__SUPPLIED INFORMATION__.
★ ★ ★ ★
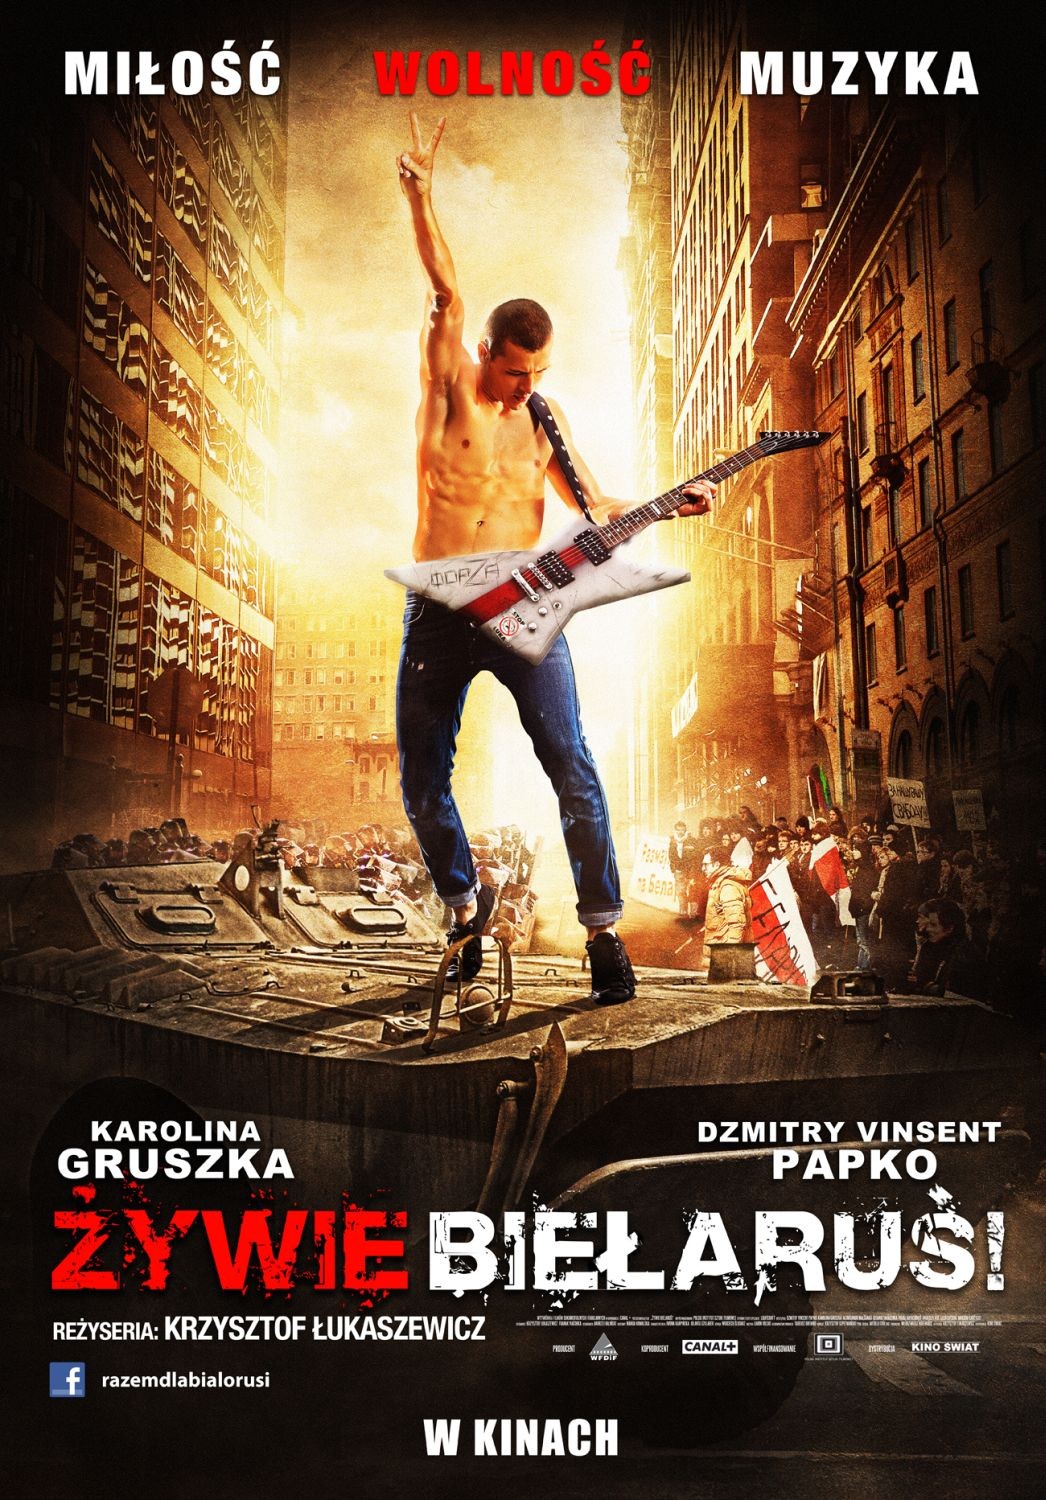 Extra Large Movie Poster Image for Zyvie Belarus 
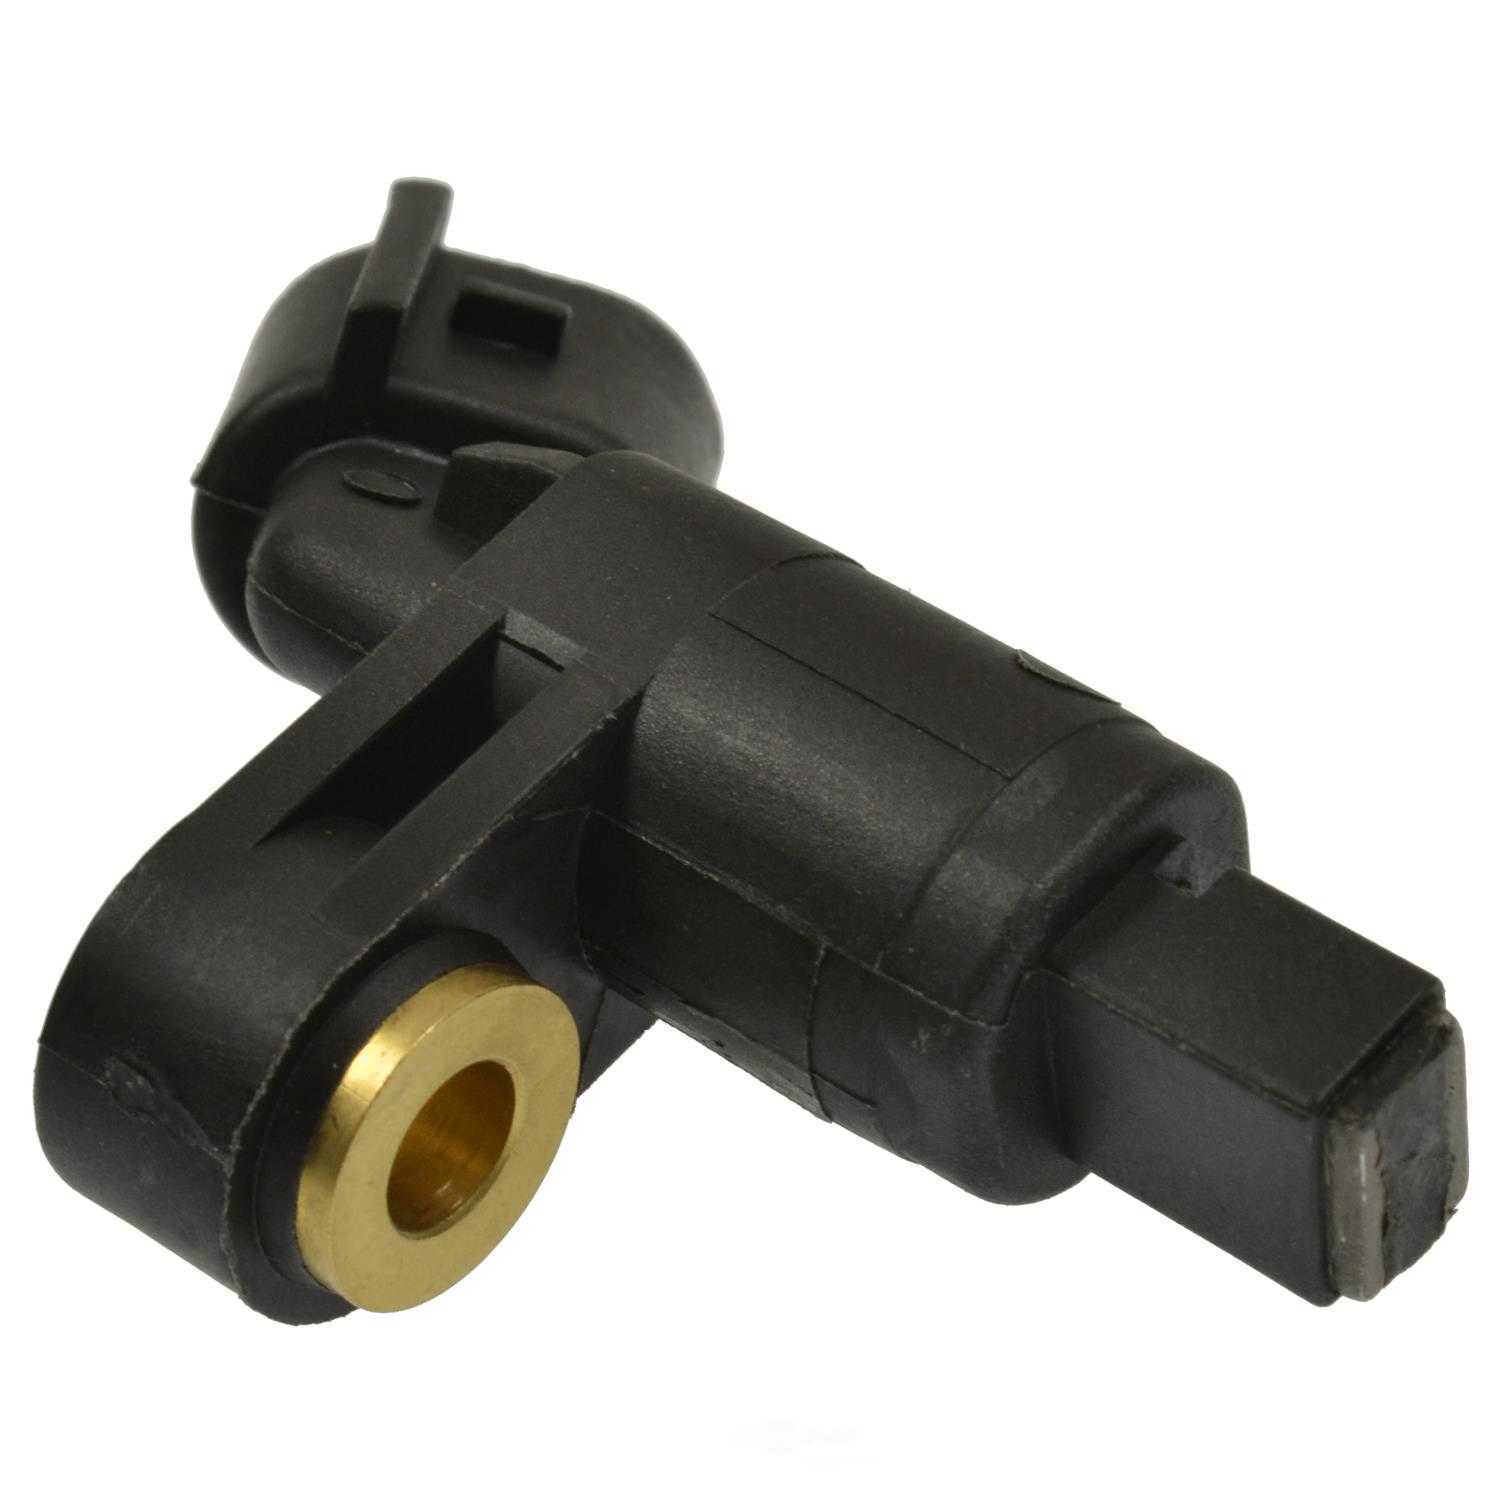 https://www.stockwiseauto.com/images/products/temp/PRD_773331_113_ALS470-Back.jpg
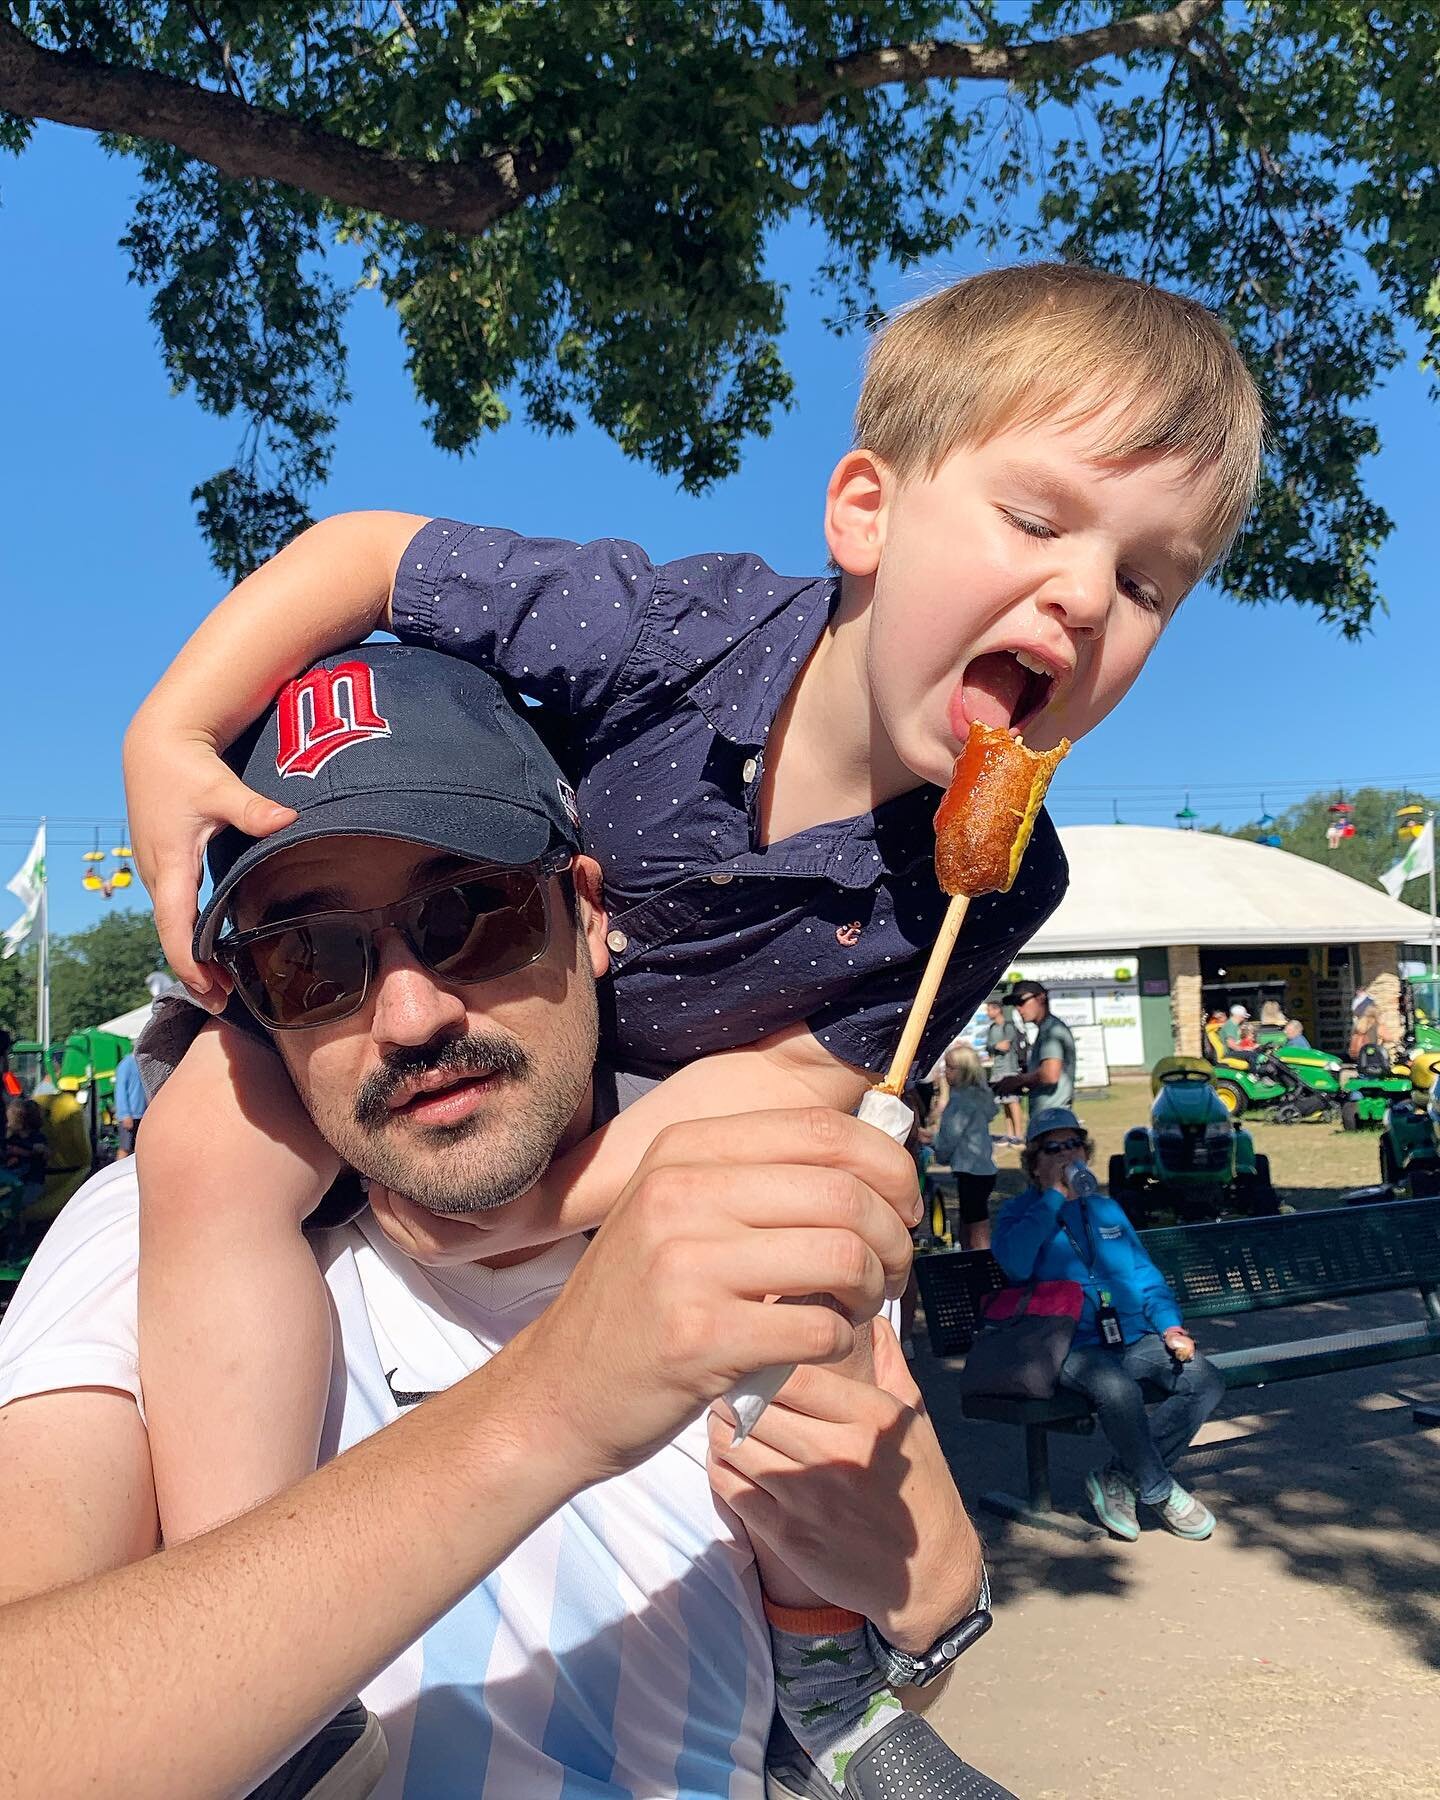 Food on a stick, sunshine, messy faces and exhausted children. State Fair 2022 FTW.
★ ★ ★ ★
Exactly as written, restate the listing above with its pictures omitted.

 Extra Large Movie Poster Image for Zyvie Belarus 
 https://www.stockwiseauto.com/images/products/temp/PRD_773331_113_ALS470-Back.jpg
 Food on a stick, sunshine, messy faces and exhausted children. State Fair 2022 FTW.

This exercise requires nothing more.